Ok, I was going to reference it in a blog post about OGRE, but I'll figure a way around it.
Is it possible to get the text of the ogre help into a forum thread post or just a copy of it I can use as a temporary fix?

Otherwise as a sticky thread in a random generation / ogre sub forum (Although I suspect EN World wants to keep these to a minumum).

Happy to give some time if there's any way to help out.

Thanks
Duncan


----------



## DM Howard (May 3, 2017)

Morrus said:


> Yeah - the wiki is very old, unsupported software, and it's showing cracks. I shut it off because it was slowing the whole site down. The posts are all still there; just need to figure out the best way to proceed.




Can you move Echohawk's Collector's Lists off of the wiki, if you plan to keep it off?


----------



## Morrus (May 3, 2017)

Bravesteel said:


> Can you move Echohawk's Collector's Lists off of the wiki, if you plan to keep it off?




I don't "plan" to do anything at the moment - I'm still trying to work out what to do. With luck it can be fixed or replaced.

I have had this idea for a few years now that anybody starting a thread anywhere on the site could check a box and that thread becomes a "Wiki Thread". It operates just like any other thread, except anybody can edit the first post, just like it was a wiki page. That would be better than an entire wiki tucked away in a corner of the site, I feel.
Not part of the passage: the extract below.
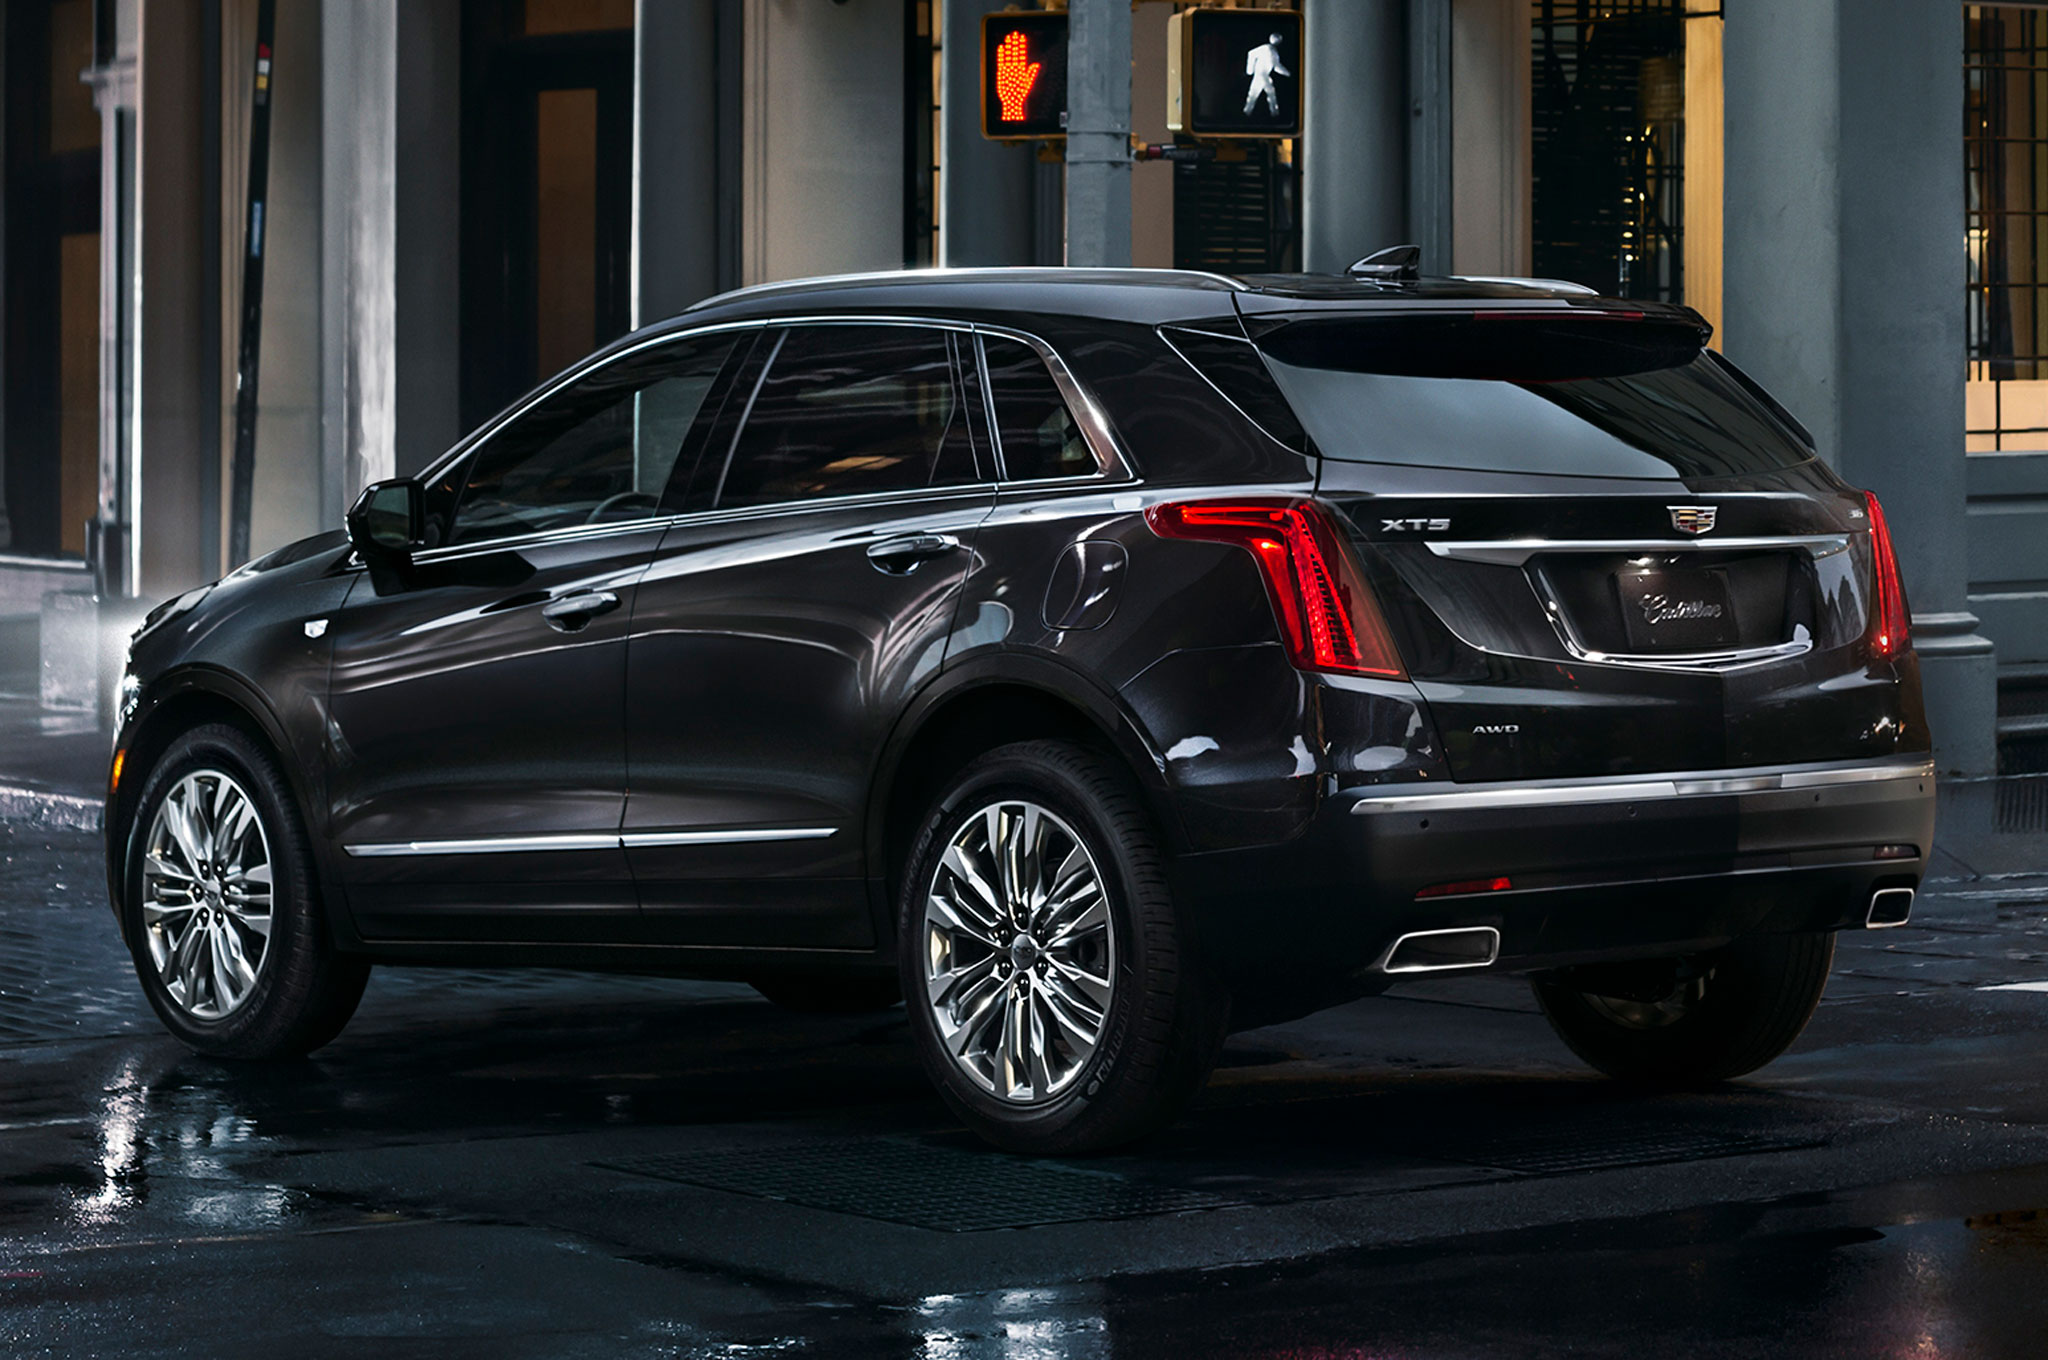 2017 Cadillac XT5 rear side view

If I got that done, all the wiki pages could just be moved over with a click.


----------



## Morrus (May 3, 2017)

Note that the wiki pages are actually just threads with different formatting. You can access them as simple threads here:

http://www.enworld.org/forum/forumdisplay.php?463-Wiki-Pages

(You'd have to poke around to find the page you were evoking for, though).


----------



## DM Howard (May 3, 2017)

Morrus said:


> I have had this idea for a few years now that anybody starting a thread anywhere on the site could check a box and that thread becomes a "Wiki Thread". It operates just like any other thread, except anybody can edit the first post, just like it was a wiki page. That would be better than an entire wiki tucked away in a corner of the site, I feel. If I got that done, all the wiki pages could just be moved over with a click.




That would be pretty amazing if it worked correctly. 



Morrus said:


> Note that the wiki pages are actually just threads with different formatting. You can access them as simple threads here:
> 
> http://www.enworld.org/forum/forumdisplay.php?463-Wiki-Pages
> 
> (You'd have to poke around to find the page you were evoking for, though).




Good to know, thanks!


----------



## Morrus (May 4, 2017)

I think it is something we can do. I think it would have greater utility than a separate wiki.


----------



## Bagpuss (May 11, 2017)

Morrus said:


> Note that the wiki pages are actually just threads with different formatting. You can access them as simple threads here:
> 
> http://www.enworld.org/forum/forumdisplay.php?463-Wiki-Pages
> 
> (You'd have to poke around to find the page you were evoking for, though).




The O.G.R.E help pages don't seem to be there.


----------



## Morrus (May 11, 2017)

Huh. That's weird!


----------